Just some sidething here, I am a little baffled that the android media partition is mounted on so many places. It's mounted or symlinked at all of these places, it's hysterical:

/mnt/sdcard/ (symlink)

/data/sdcard/ (symlink)

/data/media/ (mount)

/home/nemo/android_storage (mount)

/opt/alien/sdcard/ (symlink)

/opt/alien/data/sdcard (symlink)

/opt/alien/data/media (mount)

What's the reason, is it because of the android nature?

And it makes it really hard to know what is taking up space on the internal card because of those mounts that are everywhere that reflects a size but it is actually mounted on the external.

And: Have I understood it right: If I want to either make a Backup.tar using the builtin backup tool, do I first stop all the alien services like described.

Then umount the mmcblk1, then issuing the mount -o subvolid=0 /dev/mmcblk1 /media/sdcard

and finally doing the backup to or from, and then finally umount the mmcblk1 one again,

and then restart the services?

Larswad ( 2015-05-12 18:01:45 +0300 )edit

Just a little comment to the update "MTP stopped working completely, tested Debian & Win7.": For me MTP stopped working only on the SD card. I can access my Phone Memory just fine, only folder "SD Card" is empty. Tried on Windows 7.

casanunda ( 2015-05-12 18:45:10 +0300 )edit

@Larswad you are getting confused by the fact that mmcblk1 is btrfs and has several subvolumes, they all show as "mmcblk1 is mounted to X" in /proc/mounts - there are no symlinks, this is all bindmounts (the same just for mounts, works a tad different than symlinks) - the /opt/alien* are bind-mounts for the aliendalvik chroot - df -h should give you an impression of what is where and how much space is left. <> for backups to work you stop the .path/.service/.mount only (systemctl stop ...) like described and nothing else! > then you open settings and go to backup (if you are in backup already you need to leave it as it is a program that initializes the proper path on startup). No need to start anything again either. If you want to use android stuff again just start it, it will take a couple of seconds but everything will be fine again.

@casanunda for me both work when stopping everything all together, for you too?

chemist ( 2015-05-12 20:25:36 +0300 )edit

Thanks. Yes, that part I get about btrfs, its like sub-partitions to the created volume. But nevertheless, all of these mountpoints (well some of those I listed DO show up as if they actually were symlinks, not bind mounts, because using ls -alh those are pointed with an arrow to the actual location). Anyhow, these are shown up on all these different places for the very same file system. I don't get the idea for each of these places? I CAN understand lets say /mnt/sdcard and /data/media, but the rest.. Why on the /opt locations as well (or vice versa, but not both)?
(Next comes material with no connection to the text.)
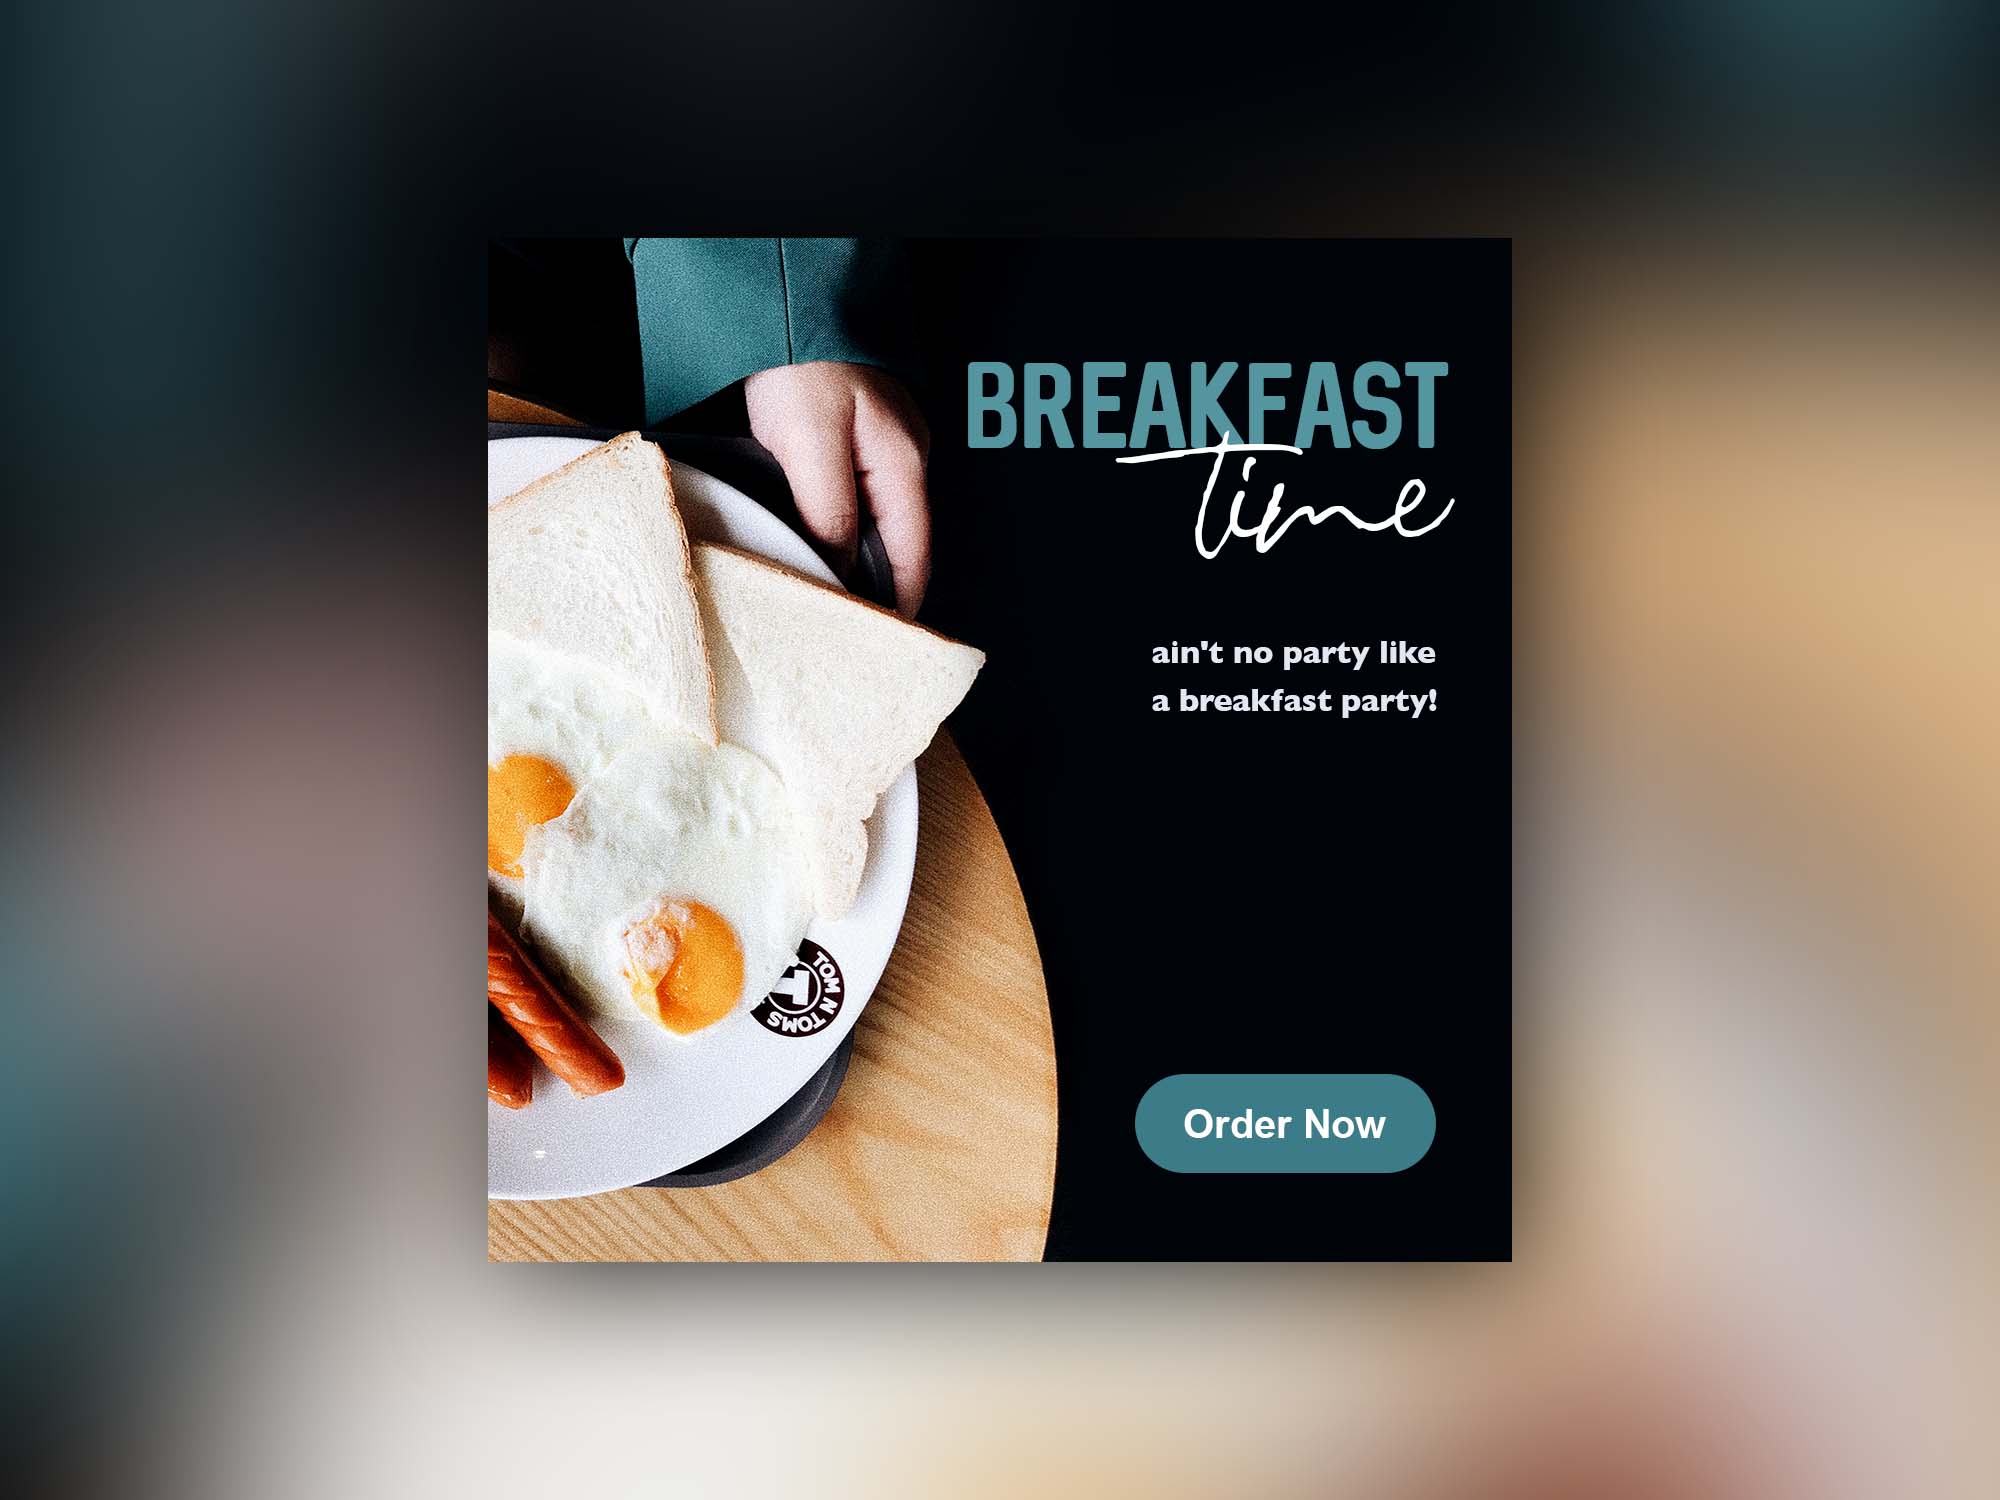 Бесплатный завтрак время веб-баннера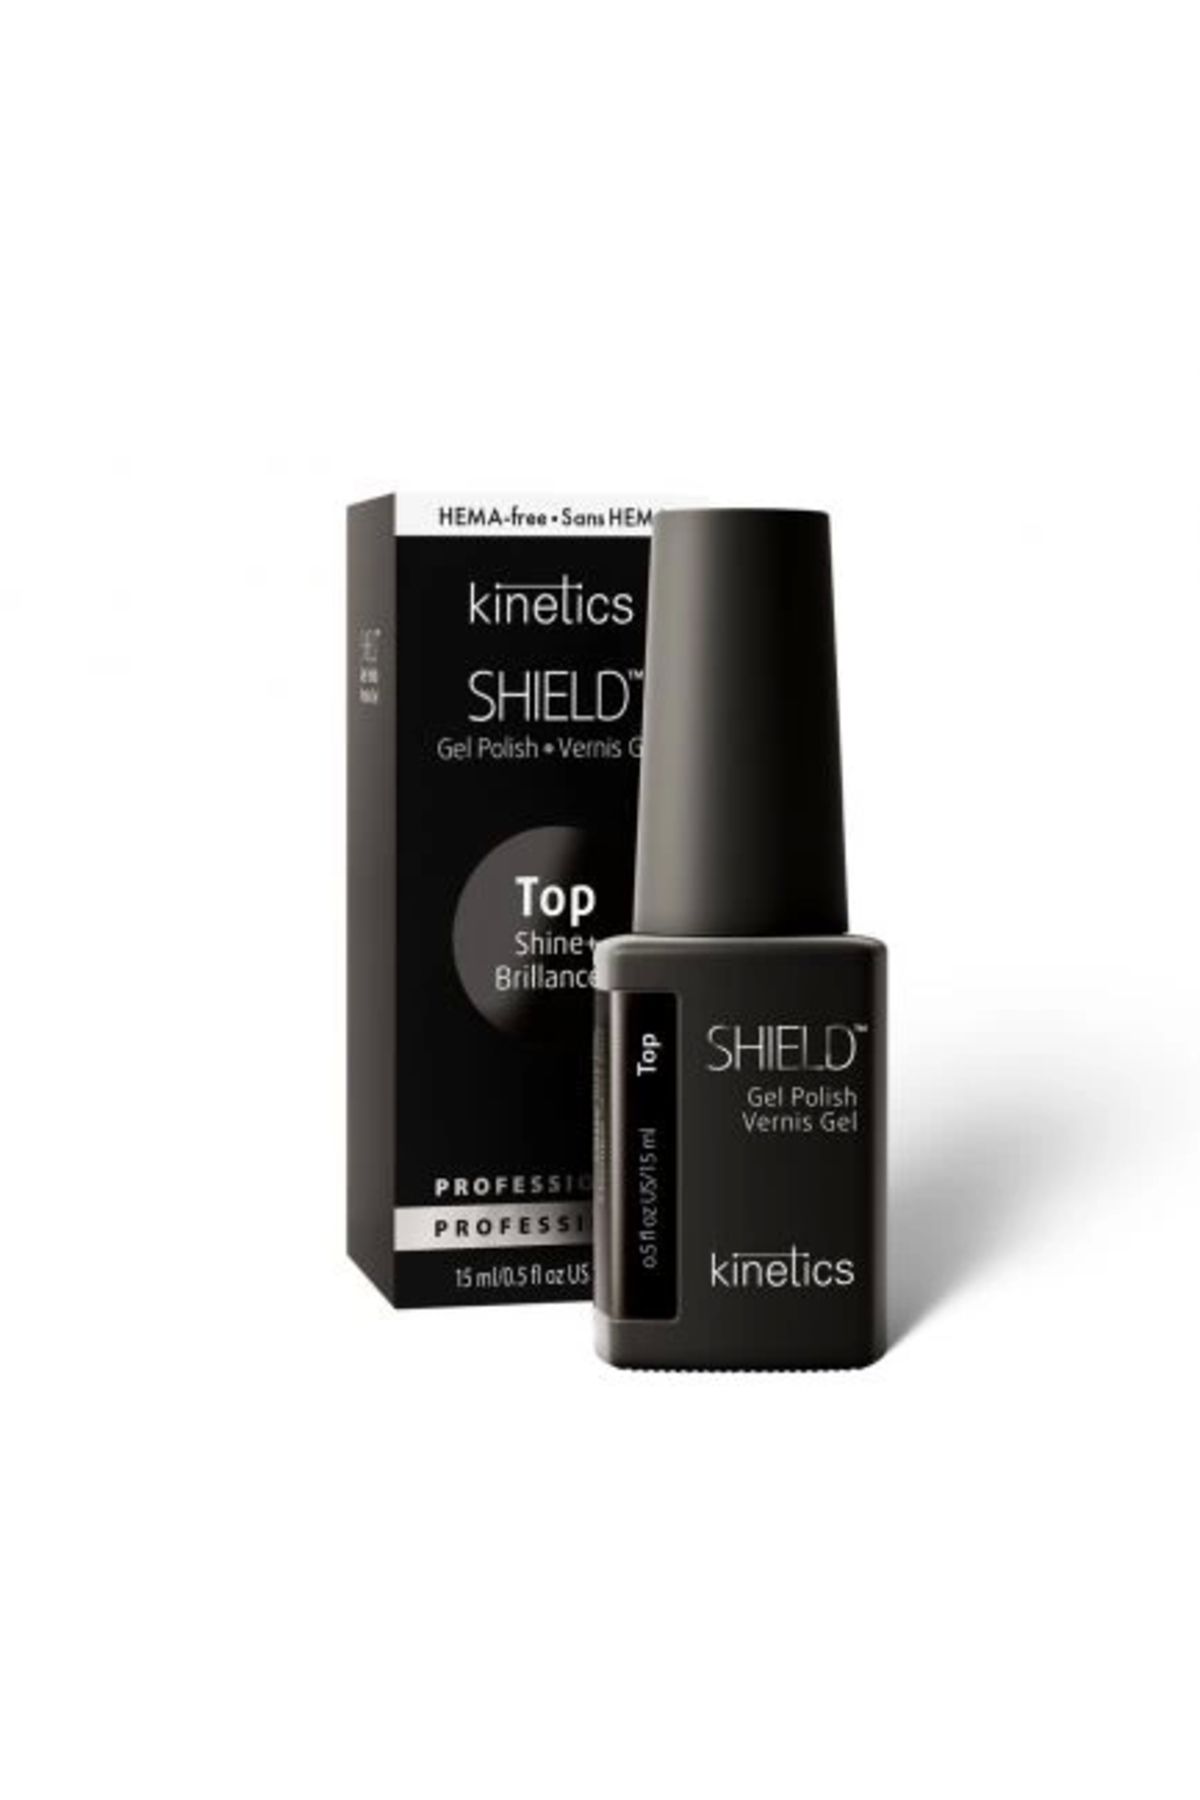 kinetics Shield Hema Free Shine Top Coat, 15ml

The 'alien' hierarchy is duplicated under /opt, /data, /home/nemo/ /mnt/. The chroot should only need one of those places or?

Indeed the df -h gives me the space for the internal. But trying to find out if there are some places where data is taking up most space (maybe old junk or so) is difficult using du -hs since these alien mounts are all over the place, counting it into the result (Same goes for the Space Inspector app, it gets confused on its results).

But maybe, if I simply stop the service it will dismount them all... Then 'du -hs' won't count those parts.

Larswad ( 2015-05-13 15:47:25 +0300 )edit

@chemist: I see now heh, du -x is said to exclude other mounts, and by default it should ignore symlinks. That's good.

Larswad ( 2015-05-13 16:02:47 +0300 )edit

Maybe try a GUI app like space inspector if you aren't getting your way with du the /opt/alien duplication will not vanish, that is the chroot and gets bind-mounted only once on first start - the duplication is needed for said chroot. I have no idea what you are talking about symlink wise, there are symlinks for sdcard and stuff but they have nothing to do with those bind-mounts. Can it be that you maybe left lots of/all stuff in the internal /data/media? /data/media is what takes most of the space, there is all kinds of caches and userdata. Some handy things, du -hsx /data will show only the size of data without the from somewhere else mounted /data/media, while du -hsx /data/* will show all folders of /data with the sum of those subfolders also ignoring bindmounts below, both do not follow symlinks. So du -hsxc /* returns only the internal memory with a "total" at the end - no need to unmount or stop any services... for occupation of the android part of your uSD you have to look at du -hsxc /data/media/*

chemist ( 2015-05-13 16:14:42 +0300 )edit

@chemist: hmm, you may be right. This may be really old stuff, these symlinks that I see. may be some old attempts or something to get the android environment to 'see' the external sdcard (or something). I have no memory of particularly creating those symlinks, but I may be wrong.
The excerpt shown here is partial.